Exercise description: Print the lines of the entries below from the one with "fabric, steel, glass, wood" through the final line, exactly as they appear. The pictures are not part of the copy.

Data supplied:
-- Opening Marker --

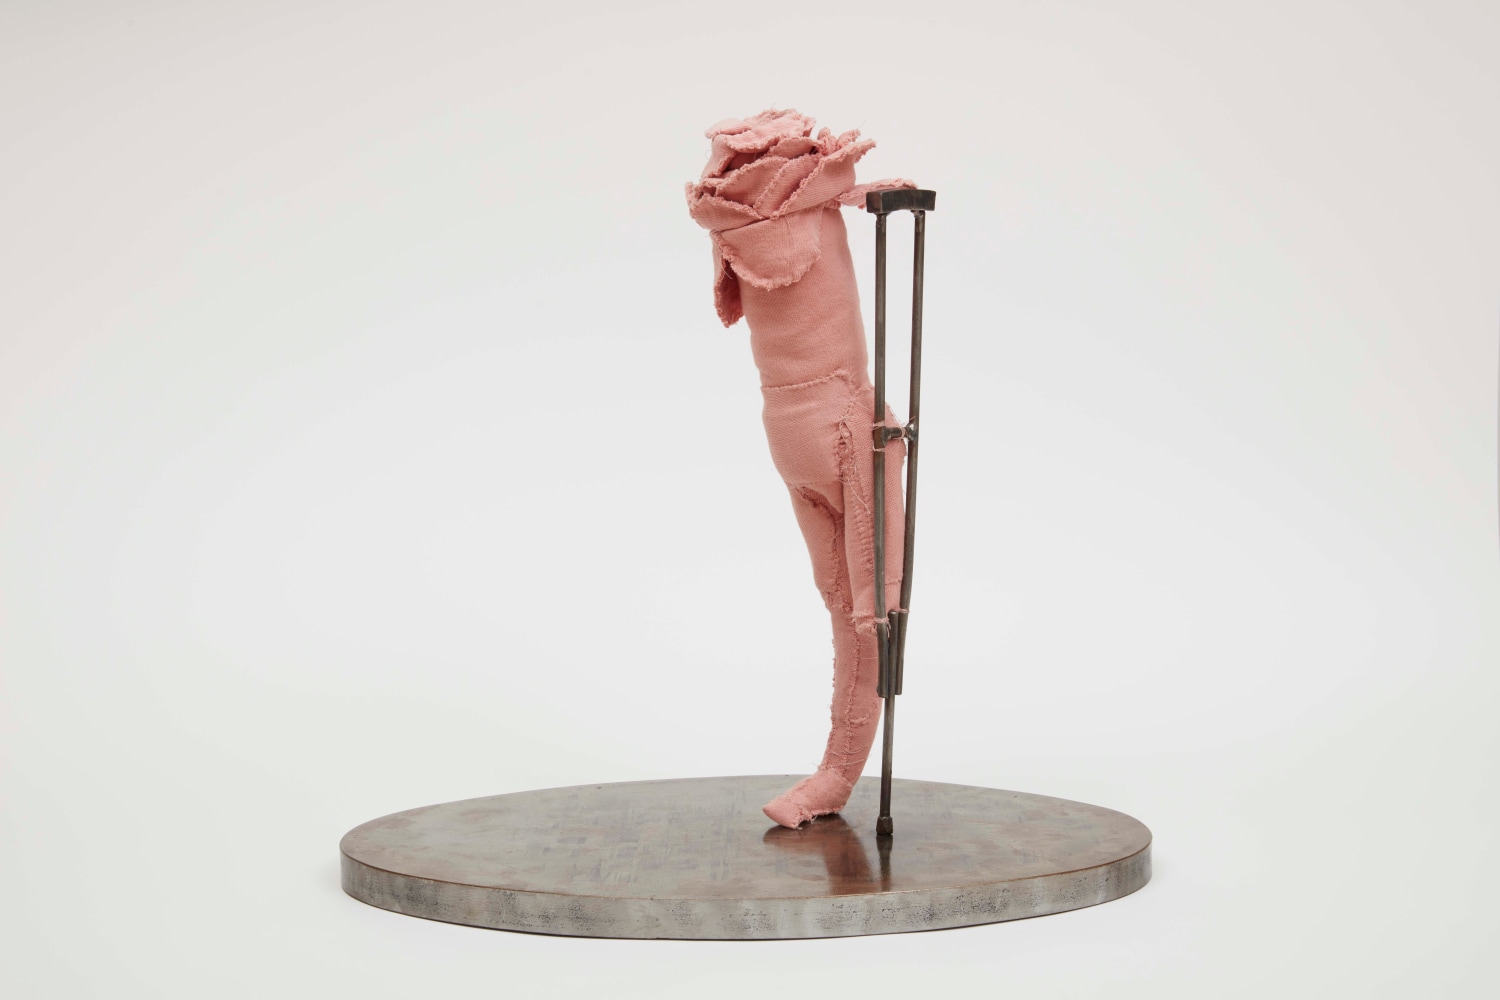 Louise Bourgeois

Topiary, 1998

fabric, steel, glass, wood

74 x 28 x 18 inches (188 x 71.1 x 45.7 cm)

(BOUR-3698)
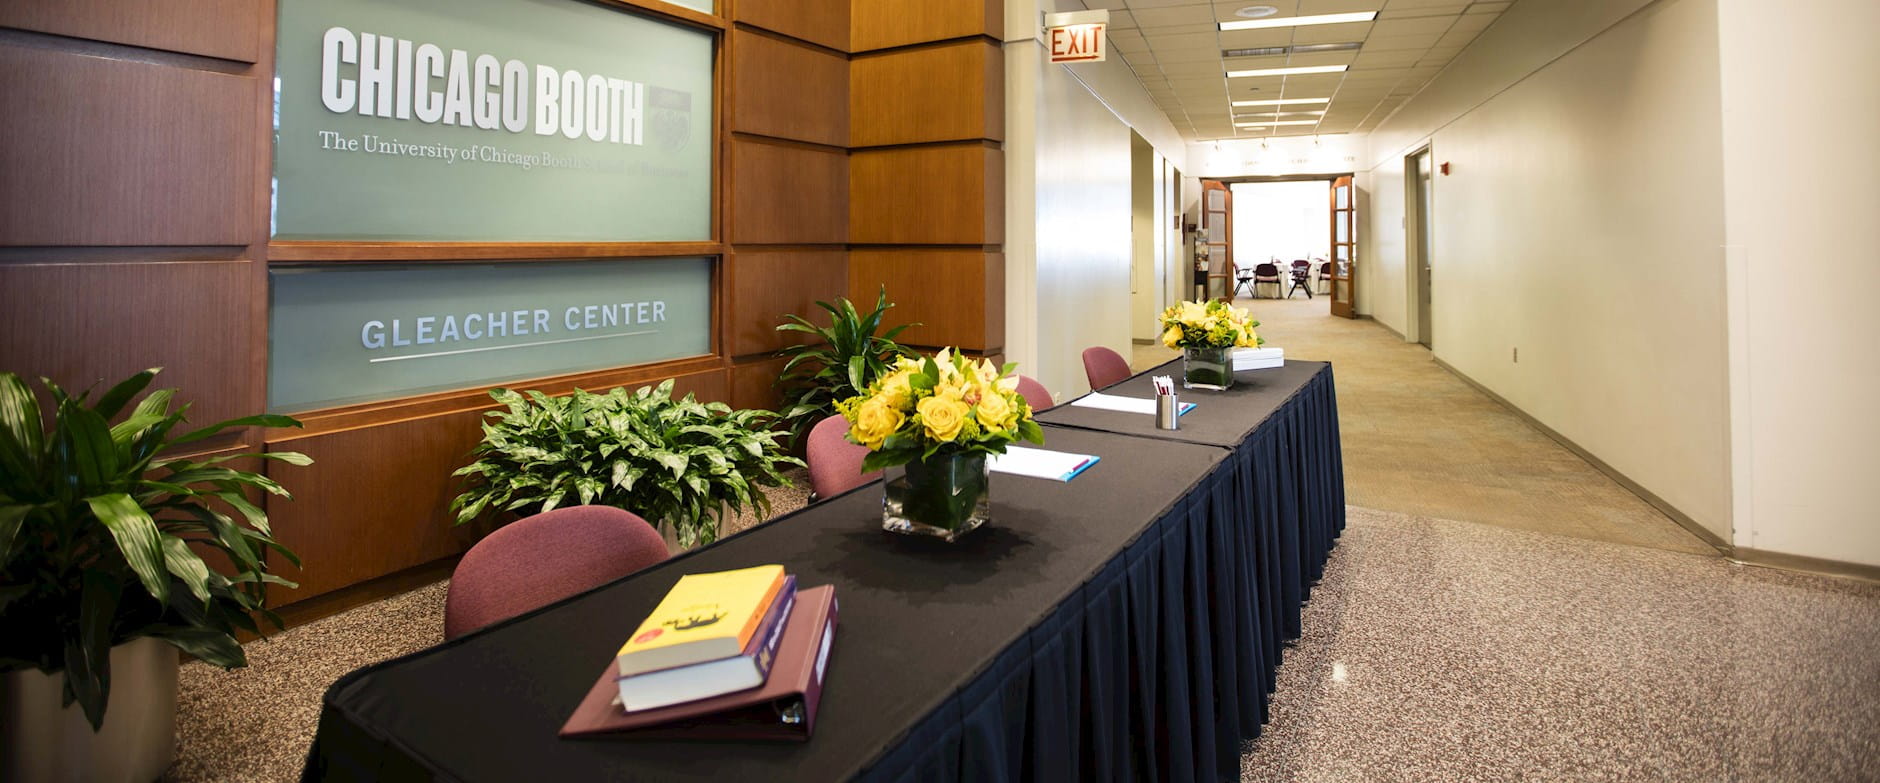 The University of Chicago Booth School of Business Gleacher Center's main floor hallway decorated with yellow flower bouquets 
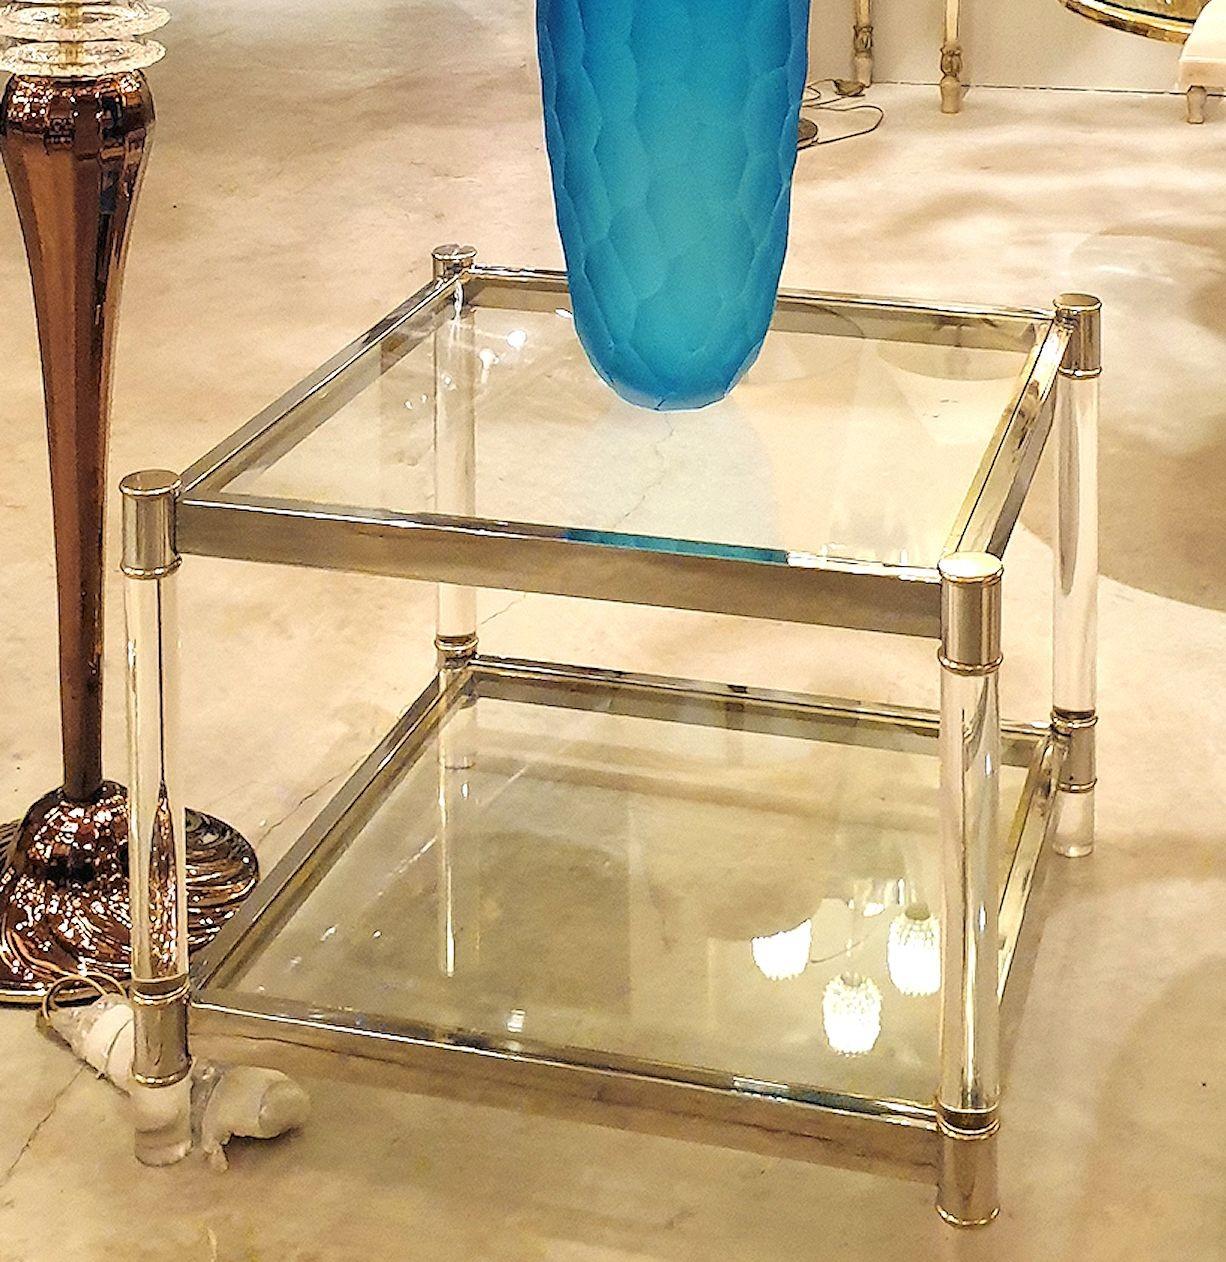 Vintage chrome, lucite and glass square side table with brass accents, attributed to Maison Jansen. France, 1970s.
The coffee table has 2 shelves, in transparent glass: lucite column legs and a two-toned metal finish.
A nice medium size for this
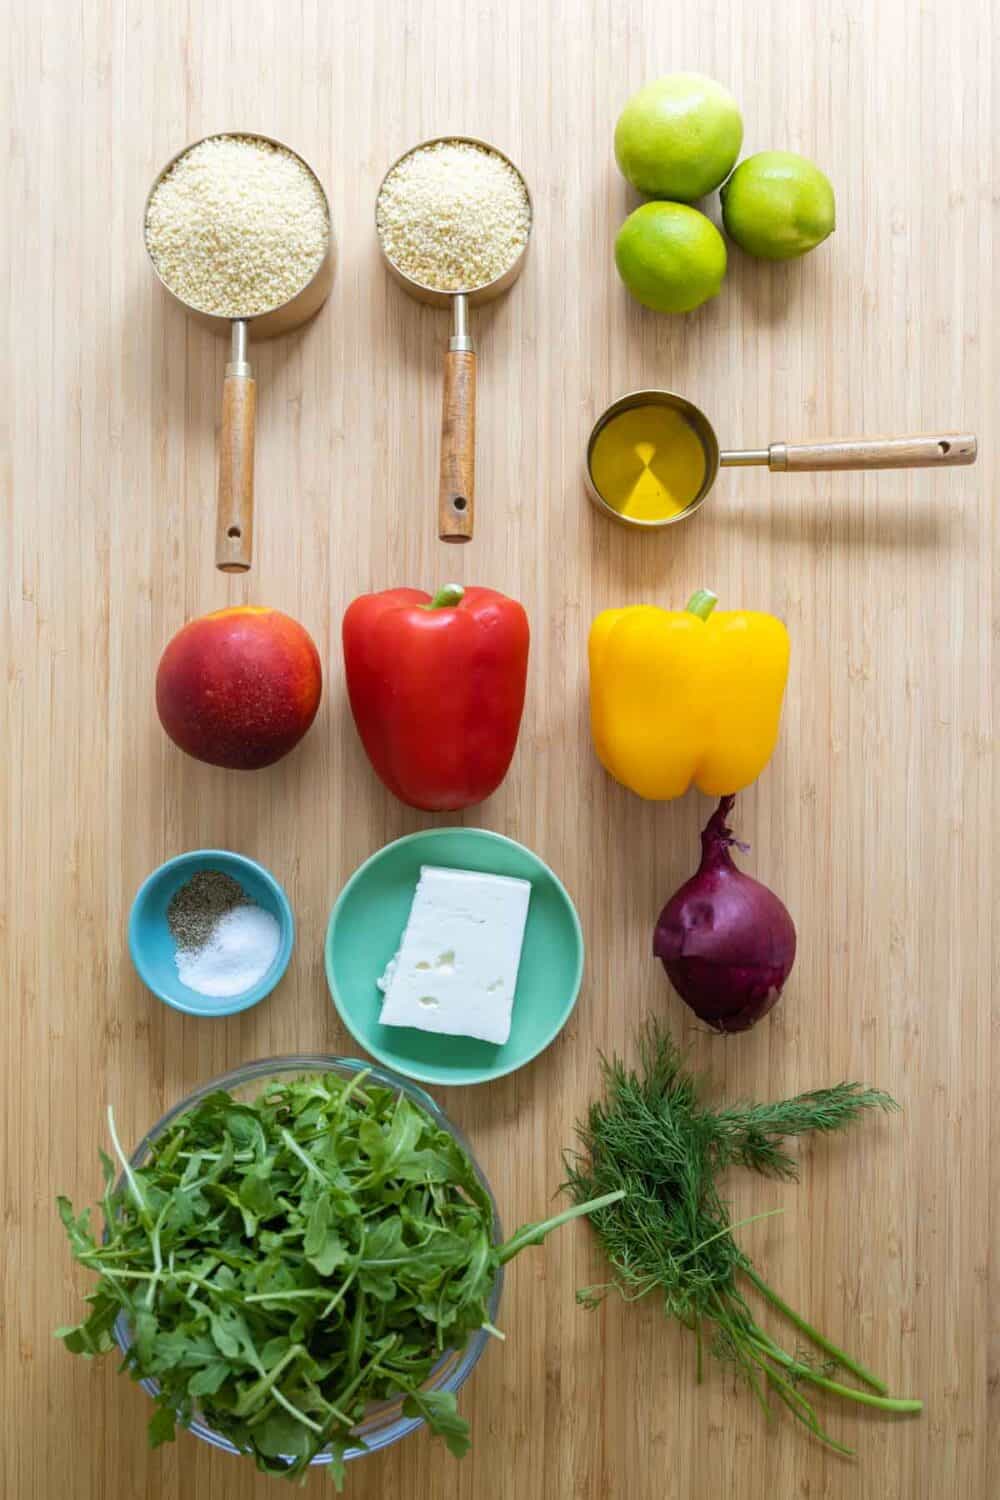 Ingredients for couscous salad laid out on a kitchen counter.

-- Closing Marker --

Task response:
fabric, steel, glass, wood

74 x 28 x 18 inches (188 x 71.1 x 45.7 cm)

(BOUR-3698)
 The University of Chicago Booth School of Business Gleacher Center's main floor hallway decorated with yellow flower bouquets 
 Vintage chrome, lucite and glass square side table with brass accents, attributed to Maison Jansen. France, 1970s.
The coffee table has 2 shelves, in transparent glass: lucite column legs and a two-toned metal finish.
A nice medium size for this
 Ingredients for couscous salad laid out on a kitchen counter.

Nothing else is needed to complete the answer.